● DATASET CONTENT:
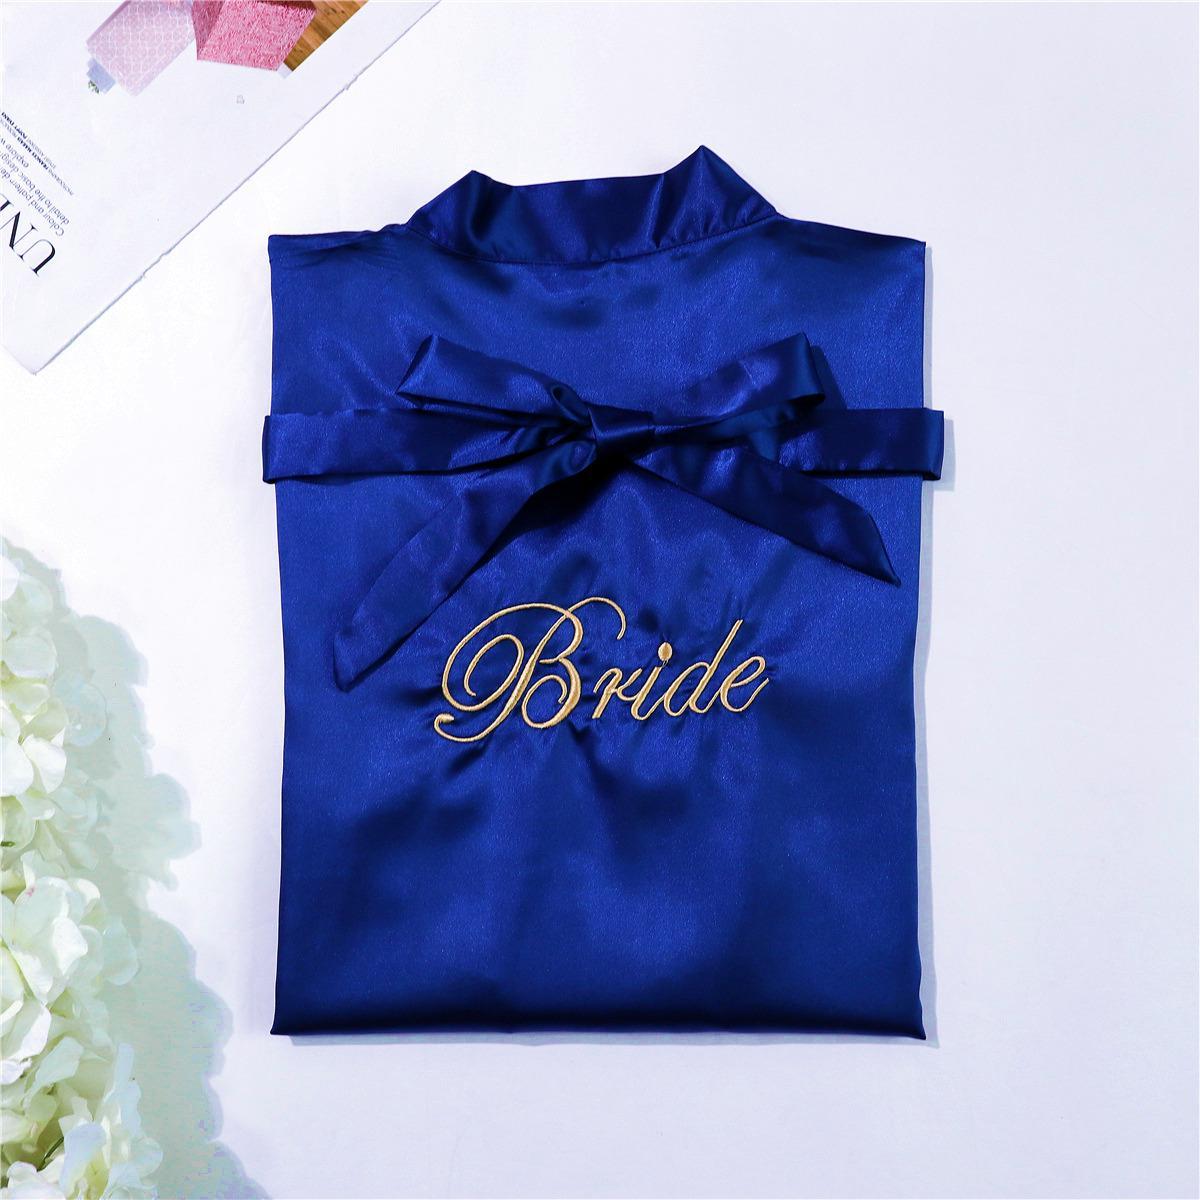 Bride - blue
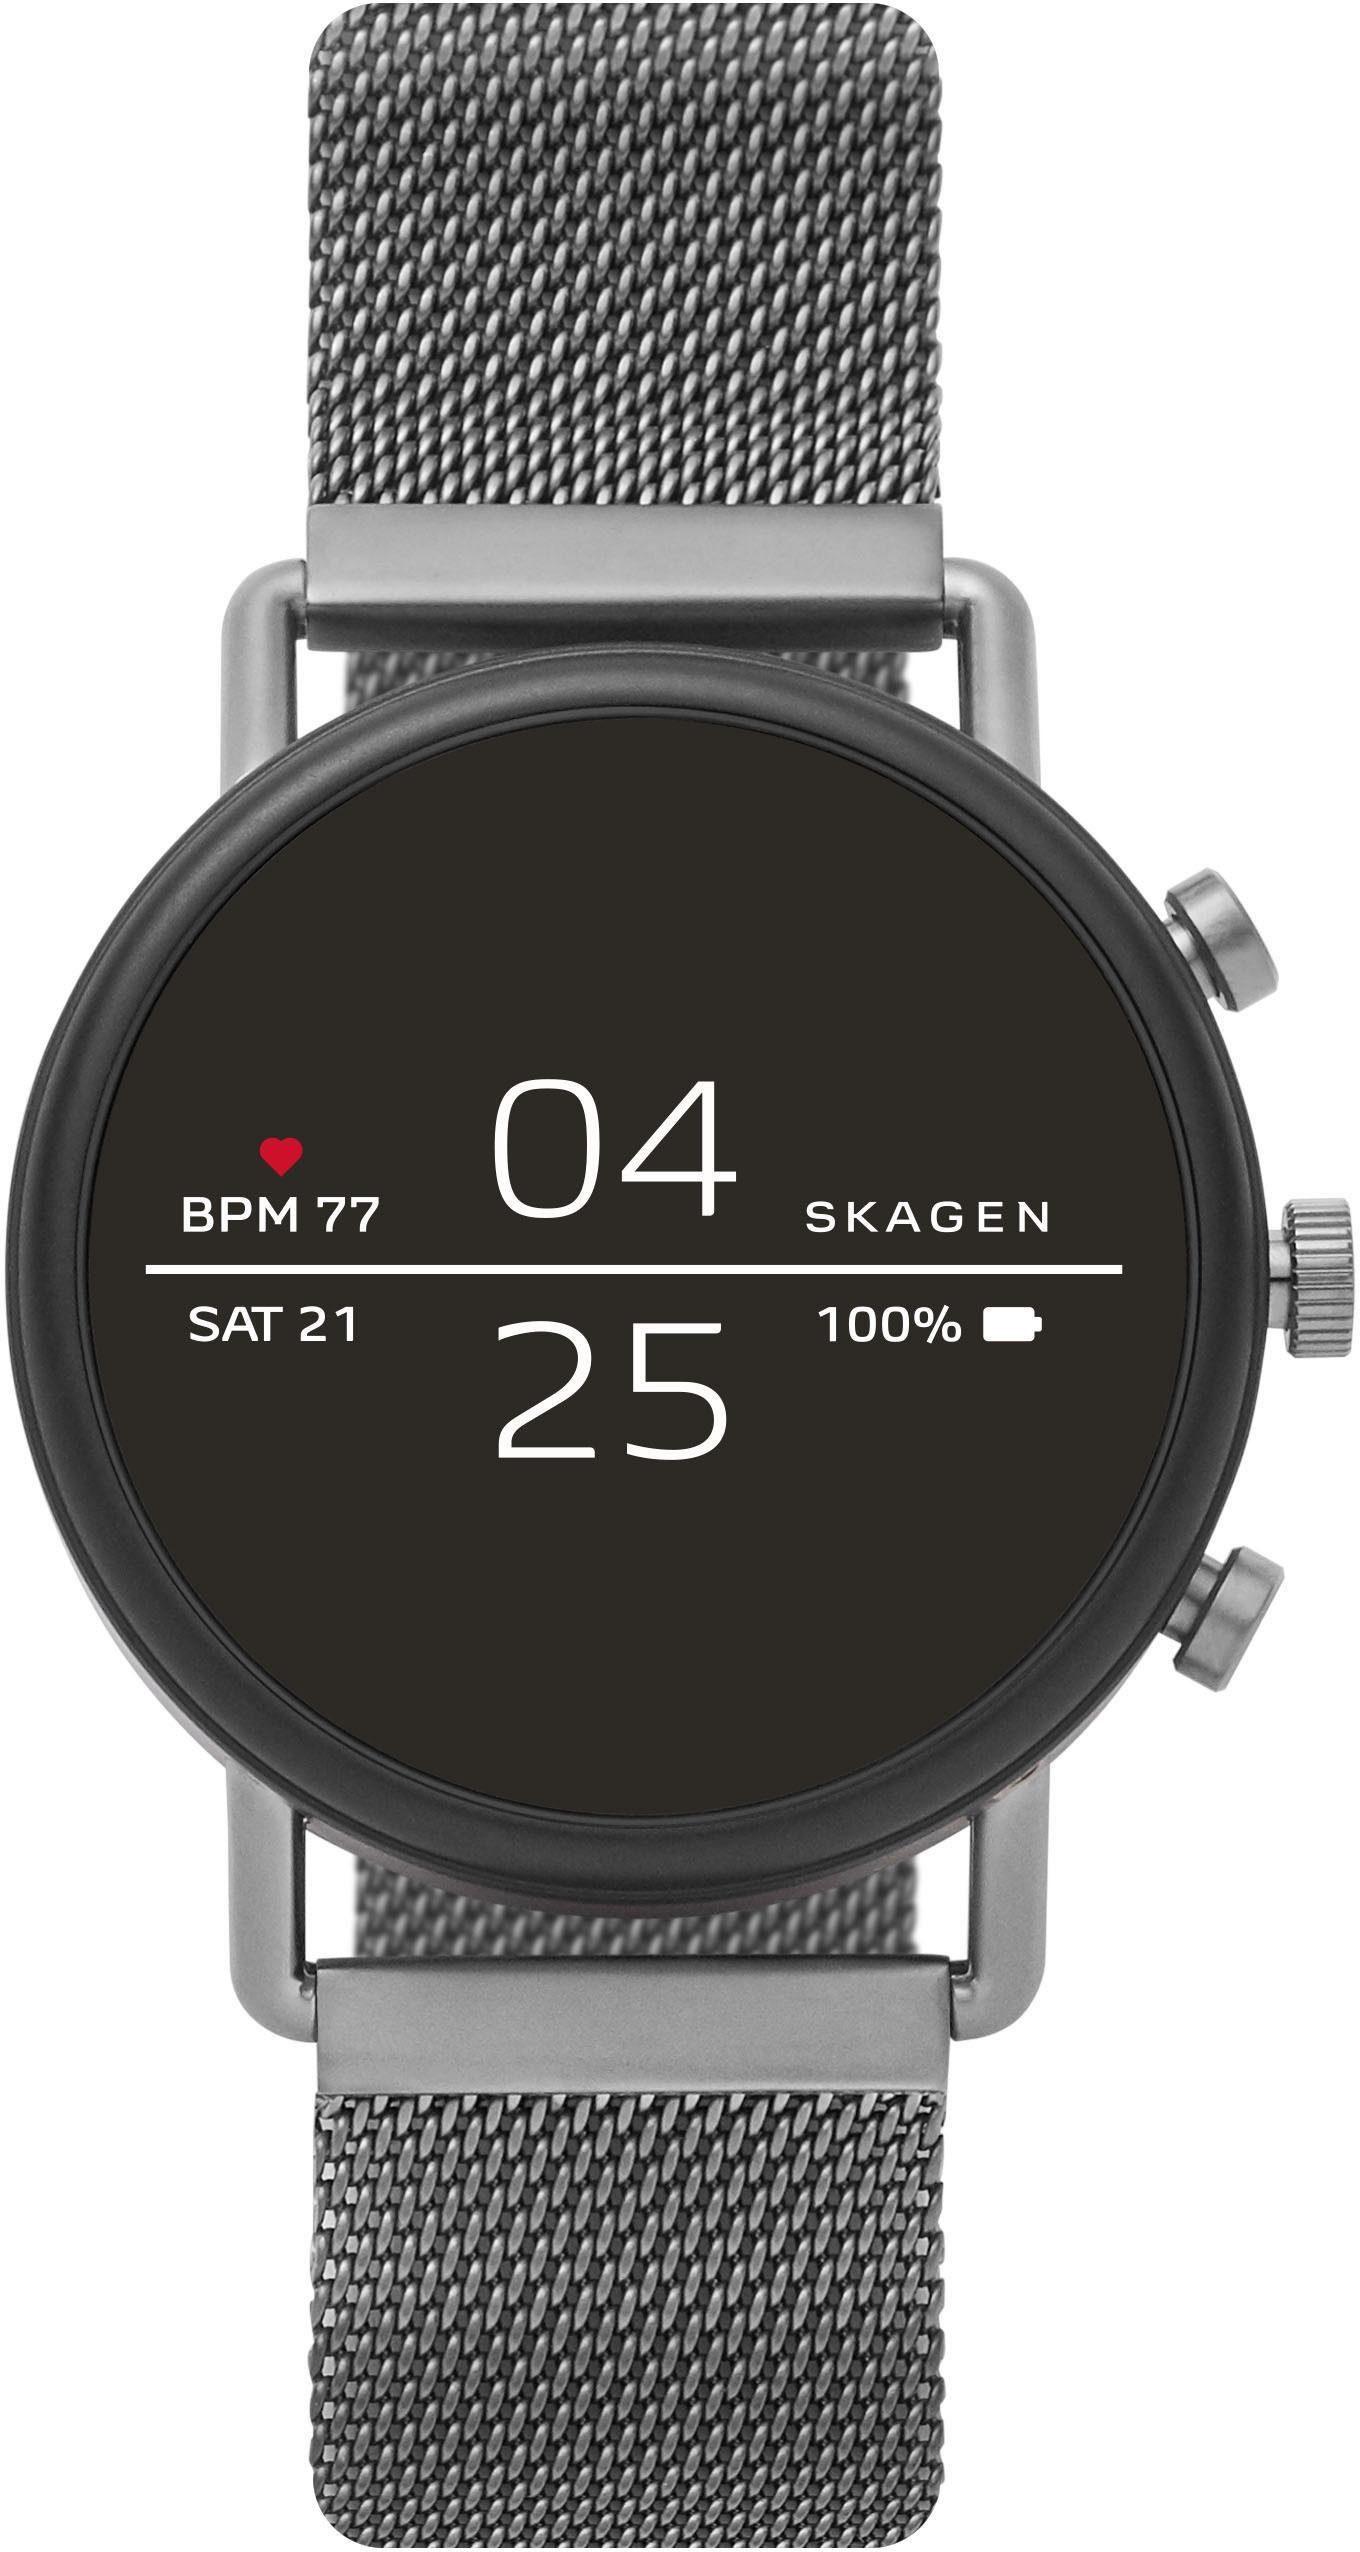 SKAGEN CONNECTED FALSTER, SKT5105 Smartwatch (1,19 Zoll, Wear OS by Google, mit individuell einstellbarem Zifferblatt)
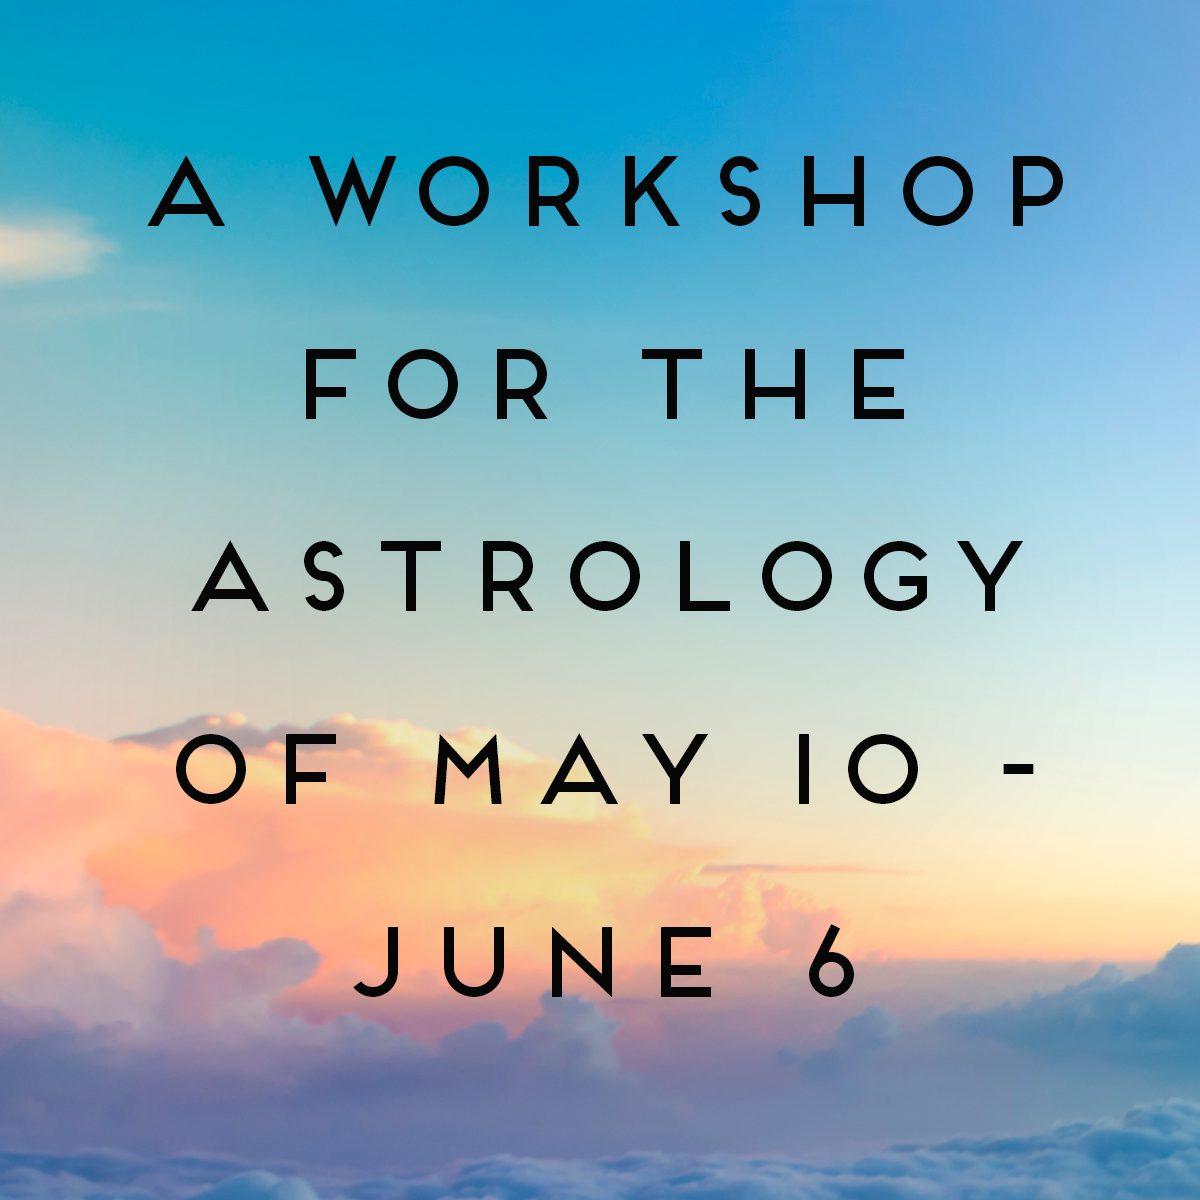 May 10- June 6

● PROBLEM STATEMENT: Everything from the line that contains "SKAGEN CONNECTED FALSTER, SKT5105" to the final line of the data is to be duplicated exactly, both ends included, except the pictures.

● EXERCISE OUTPUT:
 SKAGEN CONNECTED FALSTER, SKT5105 Smartwatch (1,19 Zoll, Wear OS by Google, mit individuell einstellbarem Zifferblatt)
 May 10- June 6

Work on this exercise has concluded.